Misinformation has been a tool used in human history for as long as it’s been written down.

So if it’s always been around, what makes it so dangerous in modern times? I don’t have an academic answer for you. As research continues to develop on this topic over the next half-decade I’m sure terms like “social media”, “machine learning”, “NLP”, and “propaganda” will end up as key terms.

From where I stand, modern misinformation has the ability to subvert the truth in ways that spur people to action in a mass-produced fashion that is both incredible in scale and of increasing potency.

There are a lot of terms here but the one I want to focus on is potency. Misinformation coming from the village idiot doesn’t worm its way into the hearts of passers-by. But what about misinformation coming from your neighbor? Your friends? Your parents? Your kids? We lose clarity of truth when falsehoods are perpetuated by those we trust.

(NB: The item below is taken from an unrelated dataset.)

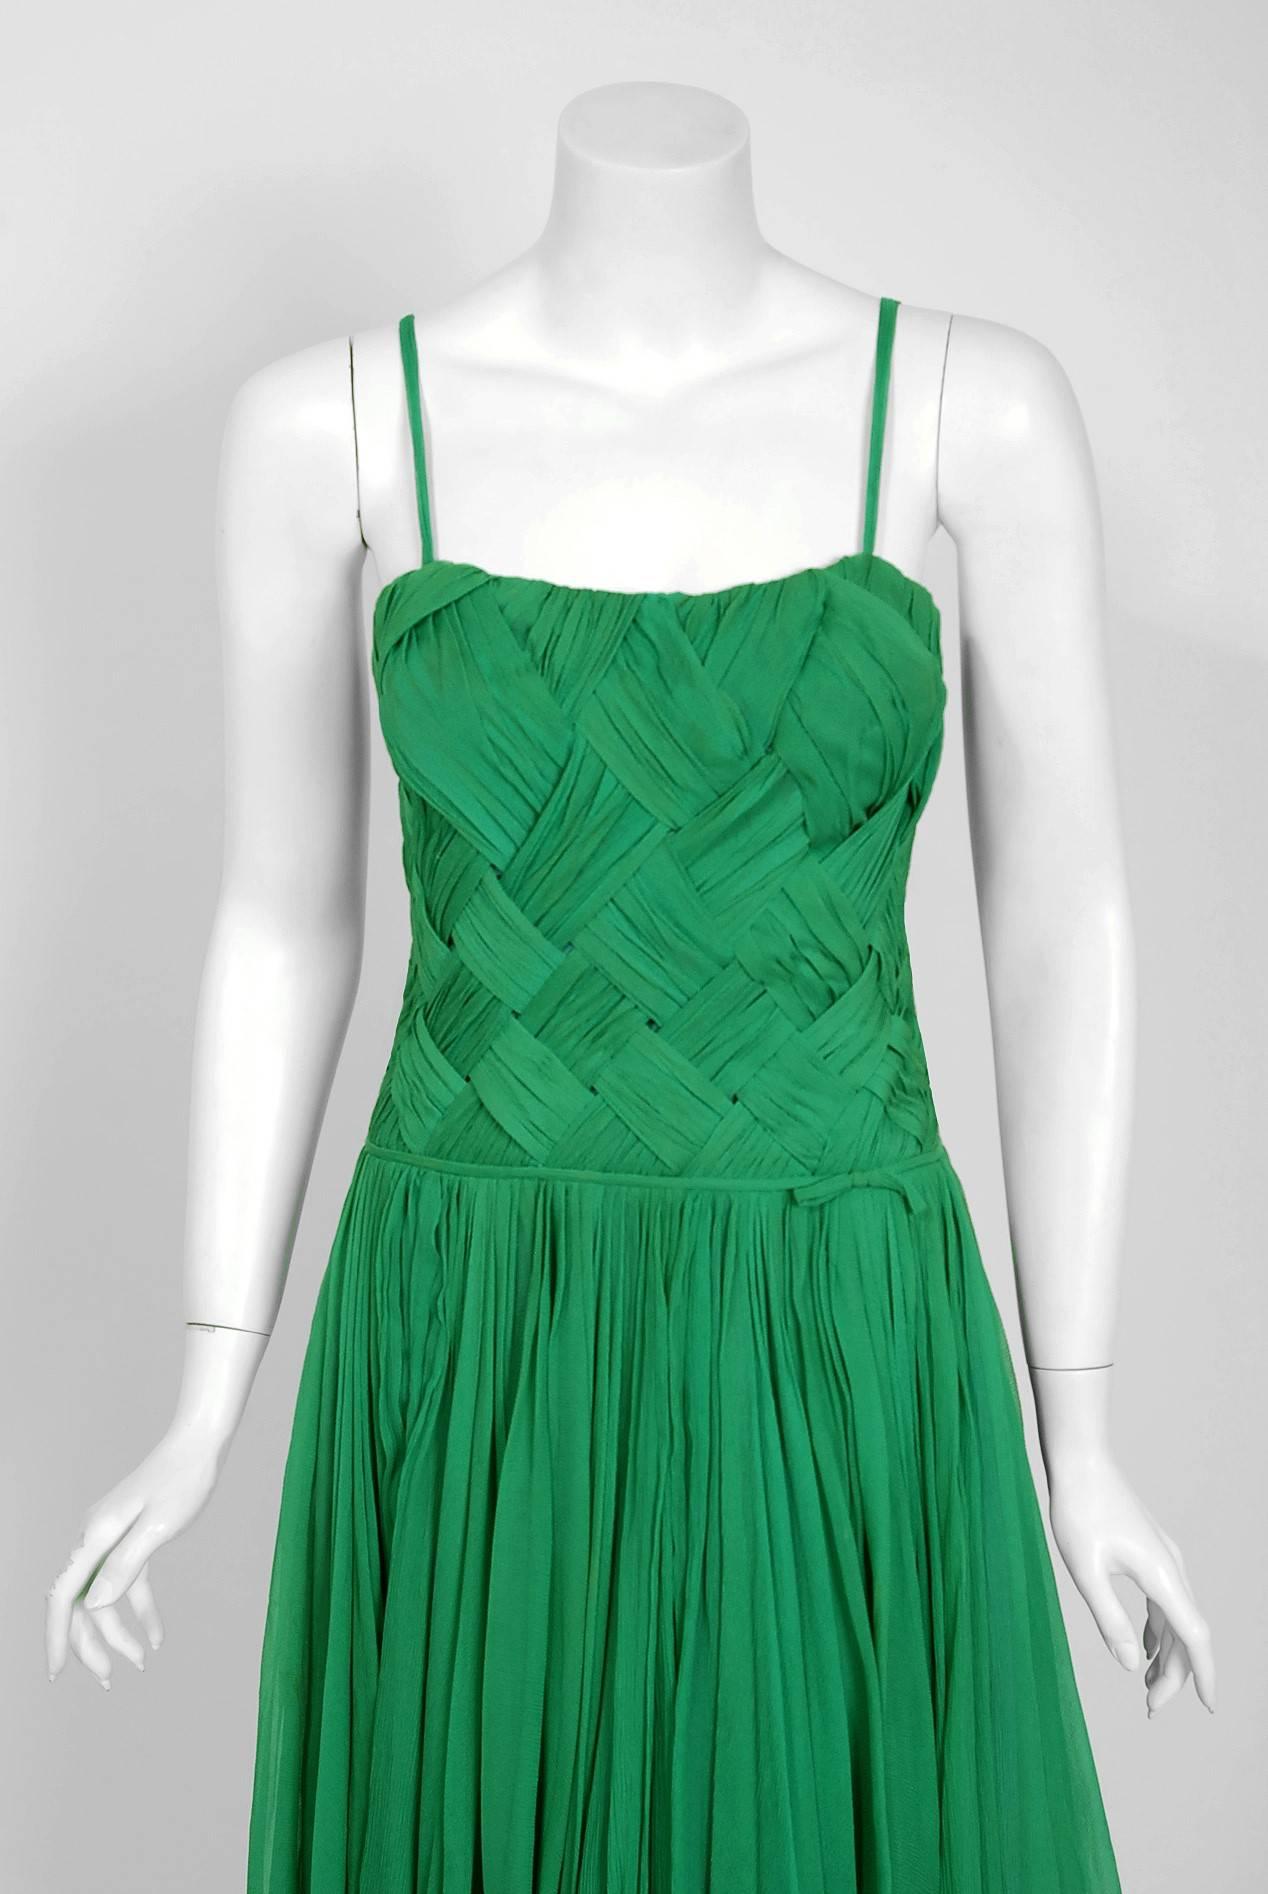 This breathtaking early 1960's Carven cocktail full-skirted cocktail dress, in the most beautiful silhouette, is pure couture perfection. Carven’s exquisite taste and enviable lifestyle became the background of her designs and a means of promotion.
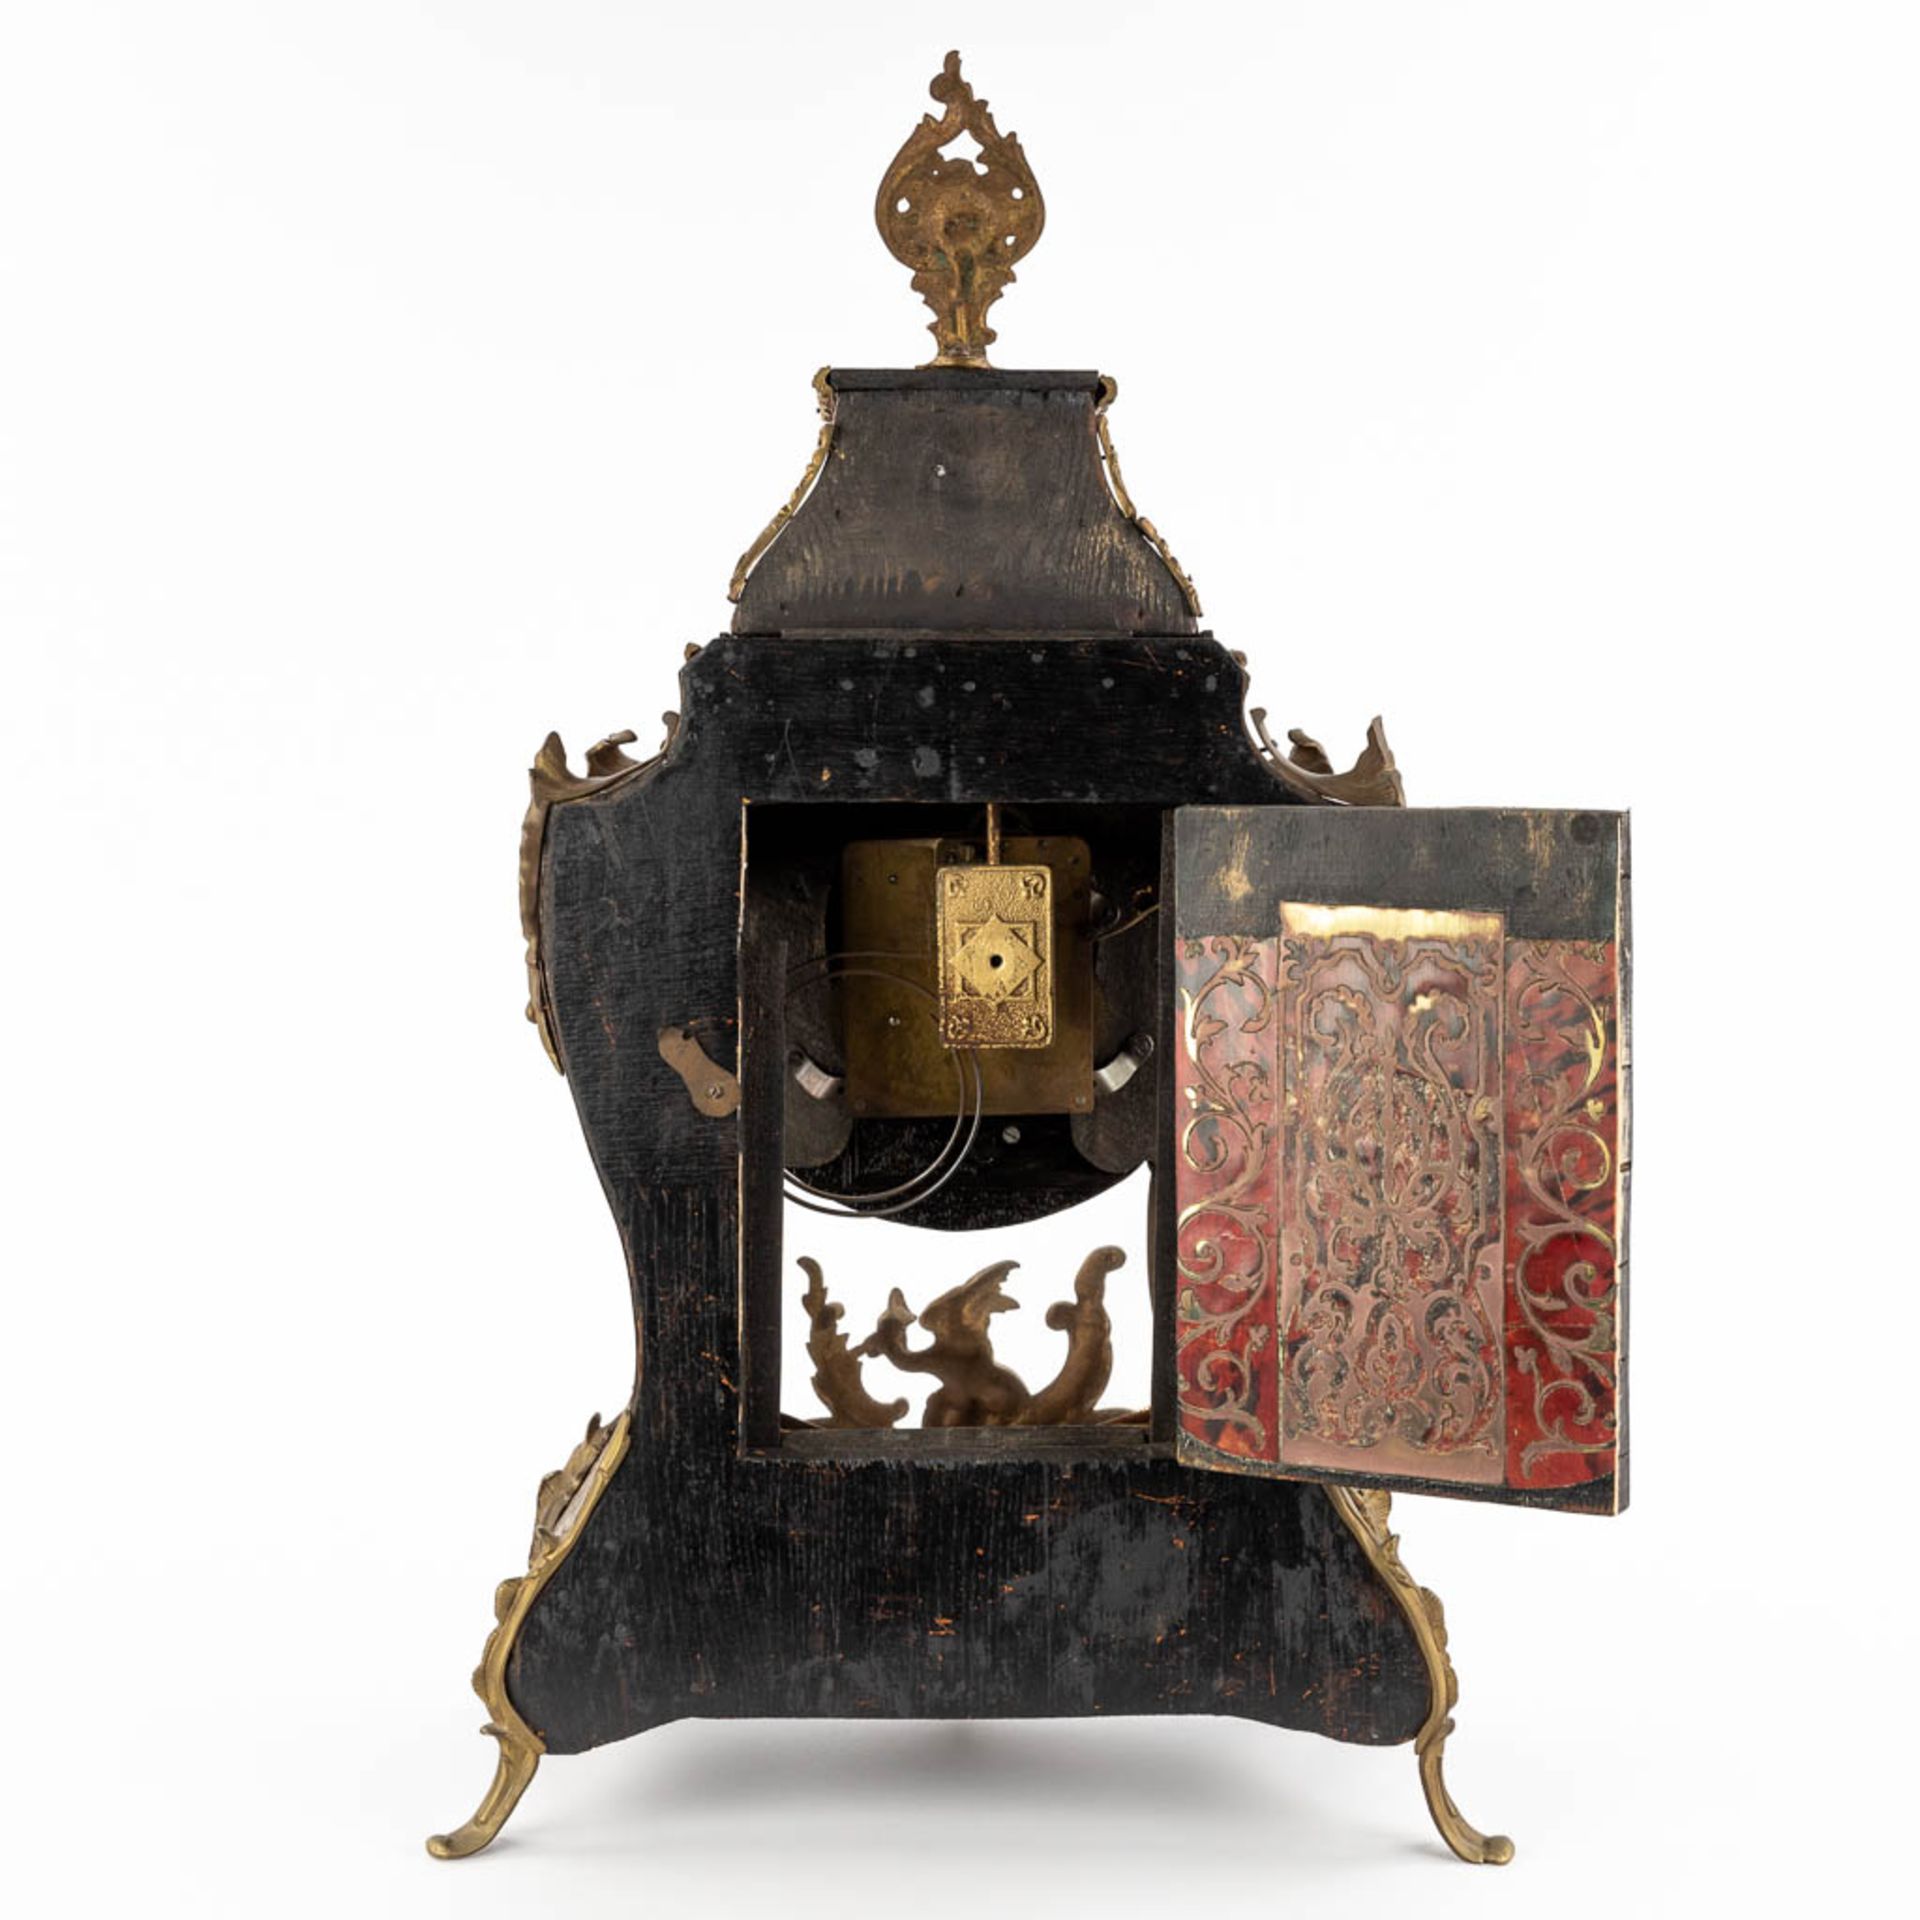 An antique mantle clock, tortoiseshell and copper inlay, early 20th C. (D:18 x W:38 x H:65 cm) - Bild 8 aus 15

So what do we do about it?

The first thing to understand is that the solution isn’t going to be easy. Like all great undertakings, any true solution is going to be a multi-faceted approach with wide-ranging societal implications. But, I believe a crucial component of any attempt at solving the problem at large begins with the ability to tell the difference between true and false.

This brings us to the main question of this article. Can neural network modeling help us tell the difference between what is true and false? The remainder of this paper will be focused on my attempt to explore this question. The data I used is largely focused on the political sphere. All the data used was pulled from Politifact.com. There are a couple of reasons I chose this site.

  1. Politifact reviews small statements: The average statement is 18 words.
  2. Politifact writes small articles reviewing every quote that explore the truth of each statement with a reasonable degree of nuance.
  3. They have a bank of around 19000 quotes reviewed.
  4. Their site was easy to scrape

Data Overview

On to the data. In order to keep this article a reasonable length, we’re going to do this lightning round style.

If you want to see the entire project here’s the repo:

https://github.com/minthammock/cap-stone

There’s also an app where you can interact with the data.

https://capstone-dash-app.herokuapp.com

Part of the reason I chose Politifact was for the granular scale of truth values. They rate things in 6 different categories

  1. True
  2. Mostly-True
  3. Half-True
  4. Barely-True
  5. False
  6. Pants-Fire (false statements that are outlandish for one reason or another)

Our data distribution is the following:

To handle this imbalance we are employing the sci-kit learn class_weights function. With only 19000 entries in an NLP task, I opted to not undersampling. Similarly for oversampling, given the sparse nature of NLP tasks, I felt it best to not oversample for fear that certain words would be massively over-represented which would lead to overfitting.

Here’s a nice sample of our corpus. The statements have been tokenized and lemmatized at this point.

The political nature of our corpus is immediately clear. As is the largest word, “say.” If you care to take a stroll down Politifact.com way, you’ll see why this is the case. Hearsay is a popular trend in national and local politics.

If you want a function for this process, take these functions. Take a look at the docstrings. It returns a dictionary that functions as a partition for the column of your choosing. There’s also the “all” key which includes the lemmatized tokens with stopwords removed for the entire input df.

The first function is a helper function that creates a partition.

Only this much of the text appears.